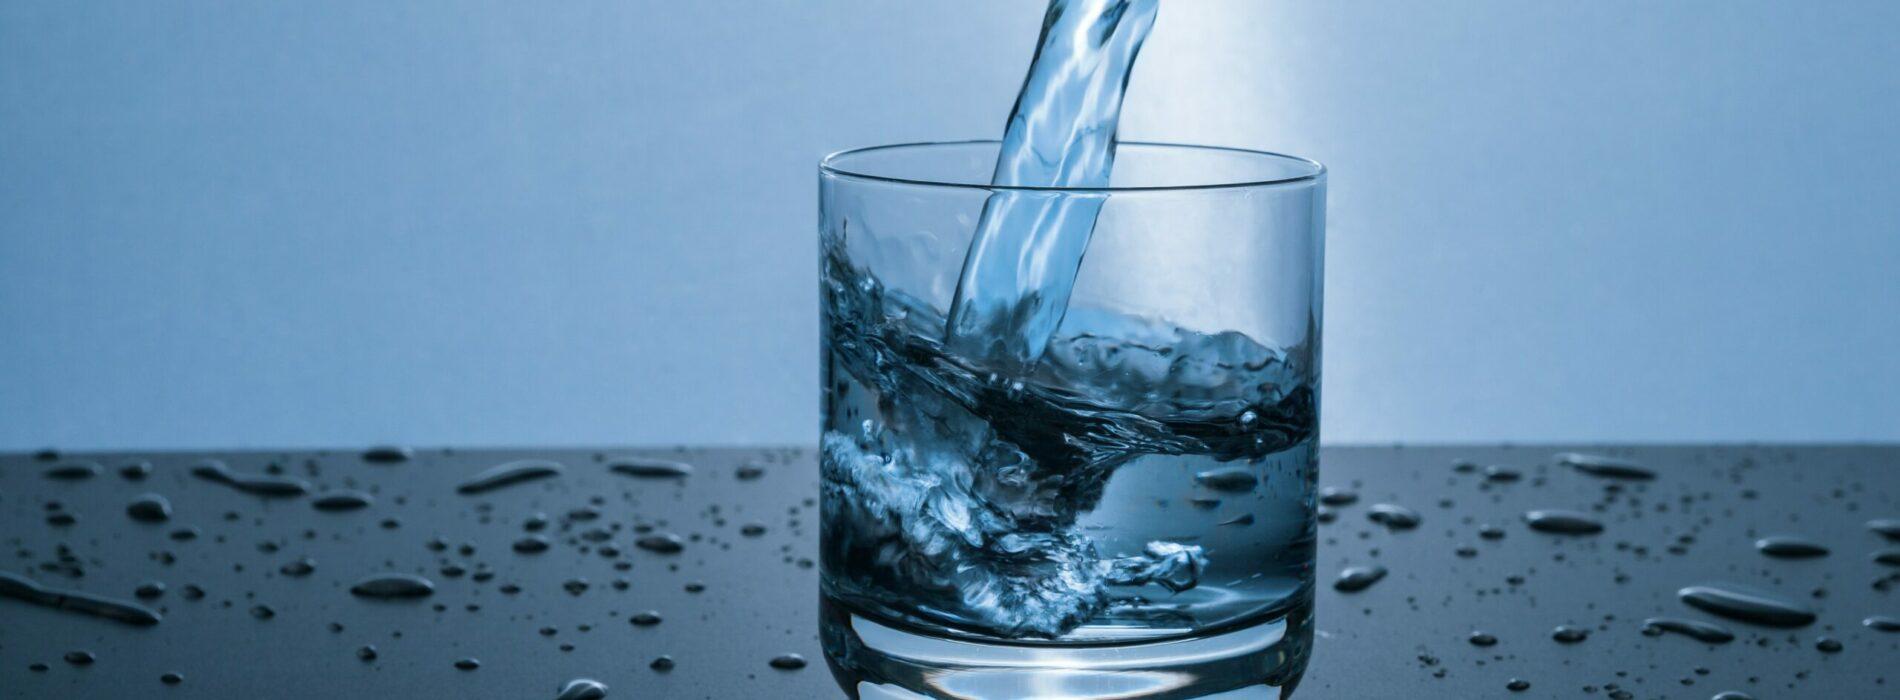 Jak wybrać odpowiedni filtr do wody?
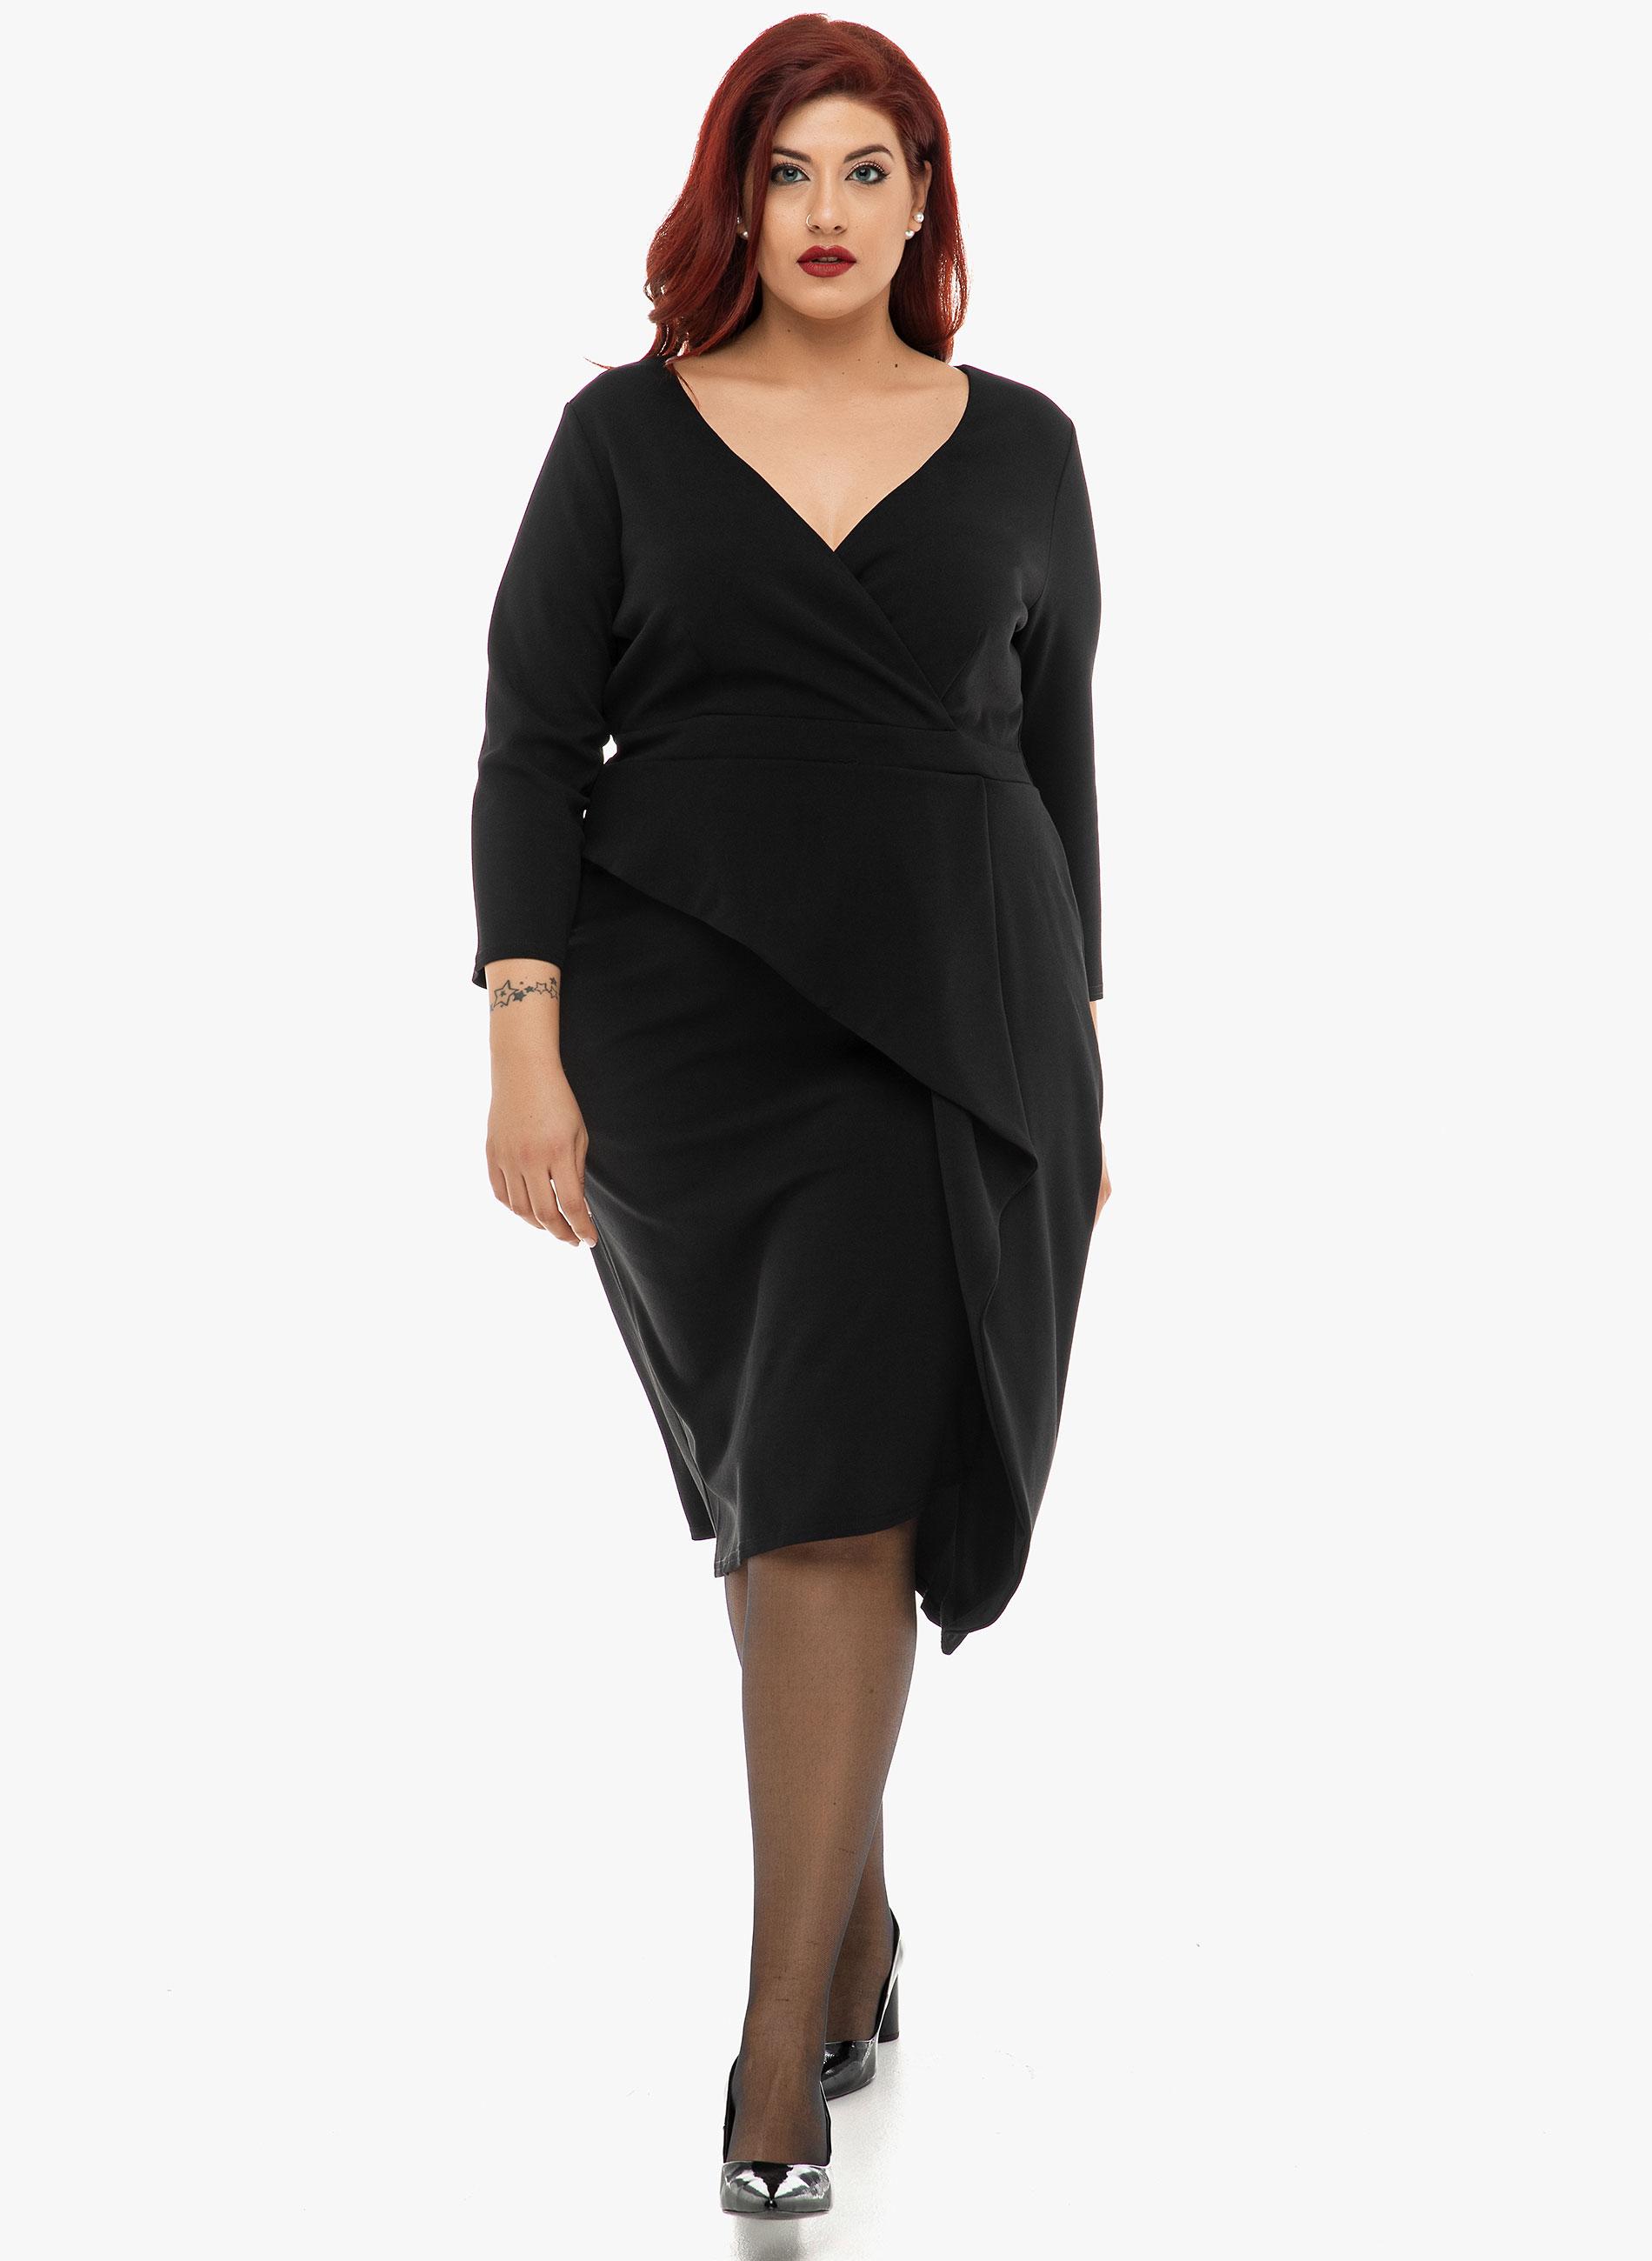 Φόρεμα Μαύρο Μίντι Fold Over
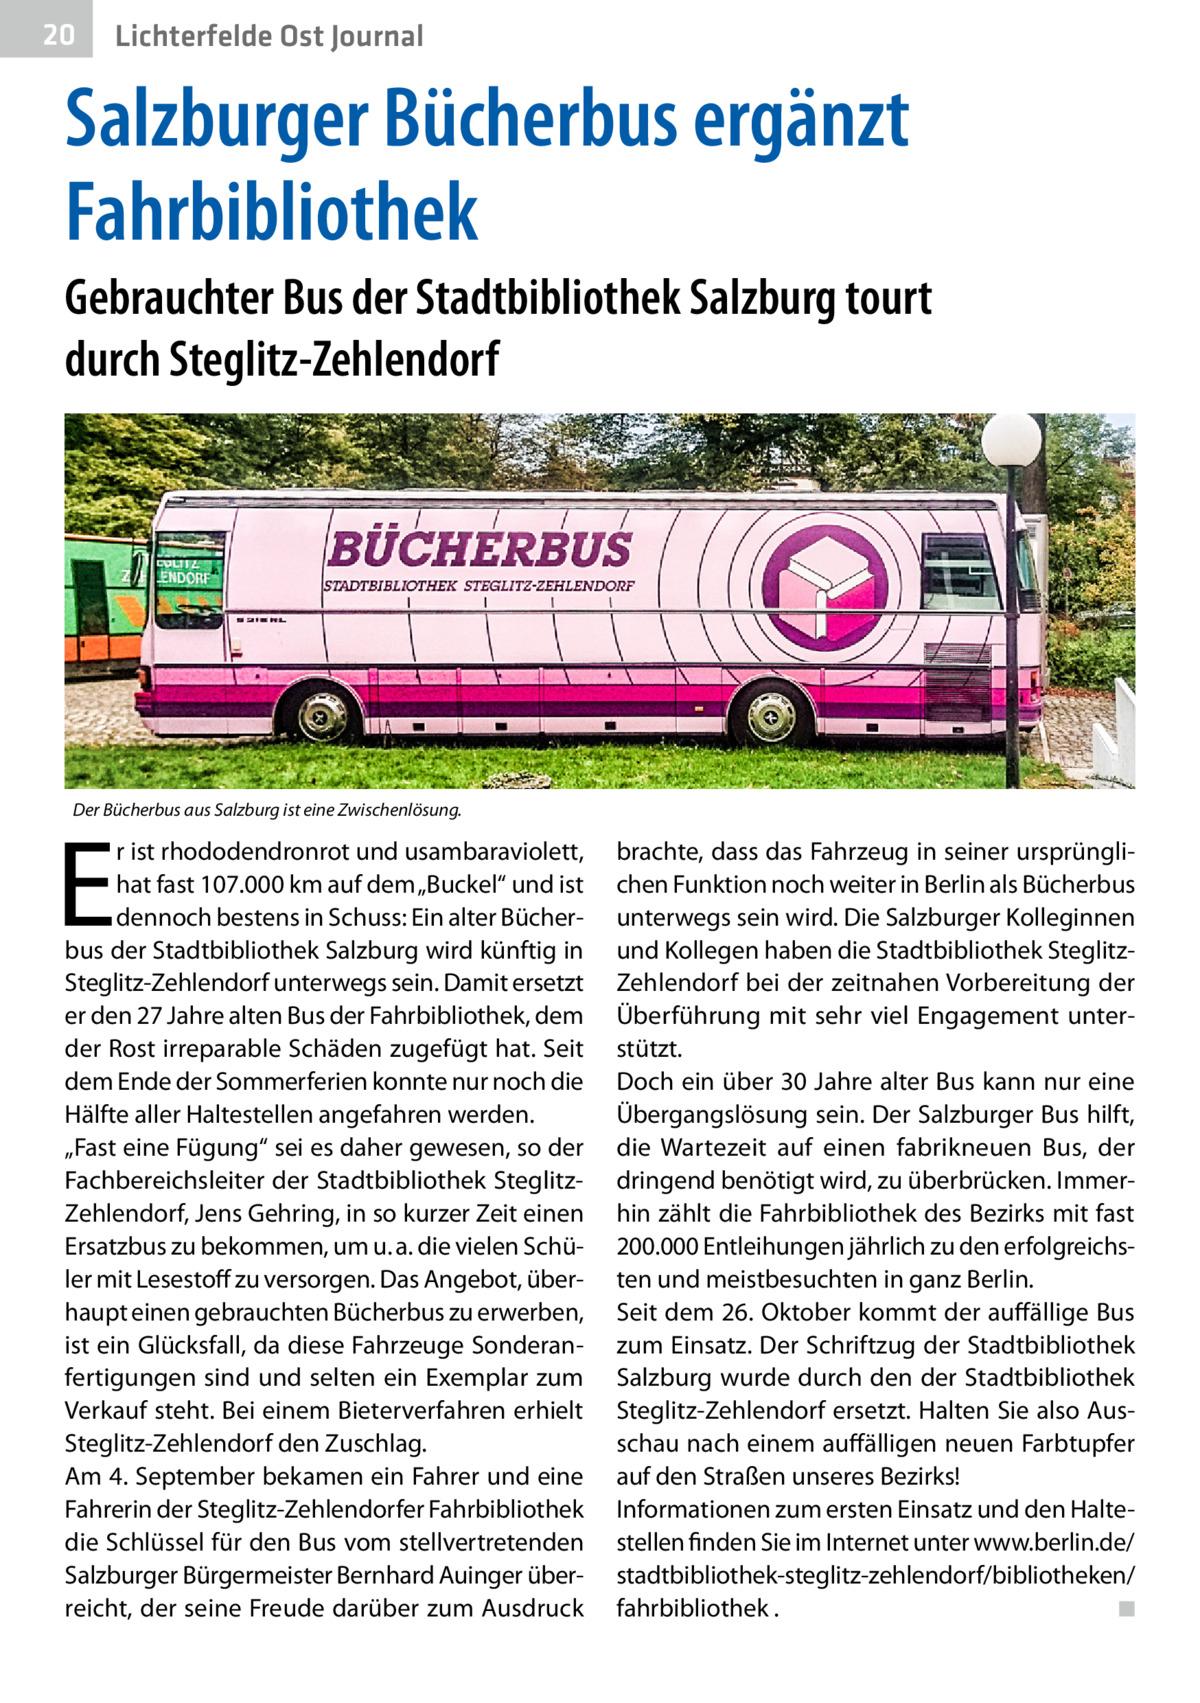 """20  Gesundheit Ost Journal Lichterfelde  Salzburger Bücherbus ergänzt Fahrbibliothek Gebrauchter Bus der Stadtbibliothek Salzburg tourt durch Steglitz-Zehlendorf  Der Bücherbus aus Salzburg ist eine Zwischenlösung.  E  r ist rhododendronrot und usambaraviolett, hat fast 107.000km auf dem """"Buckel"""" und ist dennoch bestens in Schuss: Ein alter Bücherbus der Stadtbibliothek Salzburg wird künftig in Steglitz-Zehlendorf unterwegs sein. Damit ersetzt er den 27Jahre alten Bus der Fahrbibliothek, dem der Rost irreparable Schäden zugefügt hat. Seit dem Ende der Sommerferien konnte nur noch die Hälfte aller Haltestellen angefahren werden. """"Fast eine Fügung"""" sei es daher gewesen, so der Fachbereichsleiter der Stadtbibliothek SteglitzZehlendorf, Jens Gehring, in so kurzer Zeit einen Ersatzbus zu bekommen, um u.a. die vielen Schüler mit Lesestoff zu versorgen. Das Angebot, überhaupt einen gebrauchten Bücherbus zu erwerben, ist ein Glücksfall, da diese Fahrzeuge Sonderanfertigungen sind und selten ein Exemplar zum Verkauf steht. Bei einem Bieterverfahren erhielt Steglitz-Zehlendorf den Zuschlag. Am 4.September bekamen ein Fahrer und eine Fahrerin der Steglitz-Zehlendorfer Fahrbibliothek die Schlüssel für den Bus vom stellvertretenden Salzburger Bürgermeister Bernhard Auinger überreicht, der seine Freude darüber zum Ausdruck  brachte, dass das Fahrzeug in seiner ursprünglichen Funktion noch weiter in Berlin als Bücherbus unterwegs sein wird. Die Salzburger Kolleginnen und Kollegen haben die Stadtbibliothek SteglitzZehlendorf bei der zeitnahen Vorbereitung der Überführung mit sehr viel Engagement unterstützt. Doch ein über 30Jahre alter Bus kann nur eine Übergangslösung sein. Der Salzburger Bus hilft, die Wartezeit auf einen fabrikneuen Bus, der dringend benötigt wird, zu überbrücken. Immerhin zählt die Fahrbibliothek des Bezirks mit fast 200.000 Entleihungen jährlich zu den erfolgreichsten und meistbesuchten in ganz Berlin. Seit dem 26.Oktober kommt der auffällige Bus zum Einsatz. """

----

The problem:
In the answer, give only the lines from the top of the data above through the line with "Φόρεμα Μαύρο Μίντι Fold Over", reproduced exactly; no picture may appear.

Response to this exercise:
 Jak wybrać odpowiedni filtr do wody?
 Φόρεμα Μαύρο Μίντι Fold Over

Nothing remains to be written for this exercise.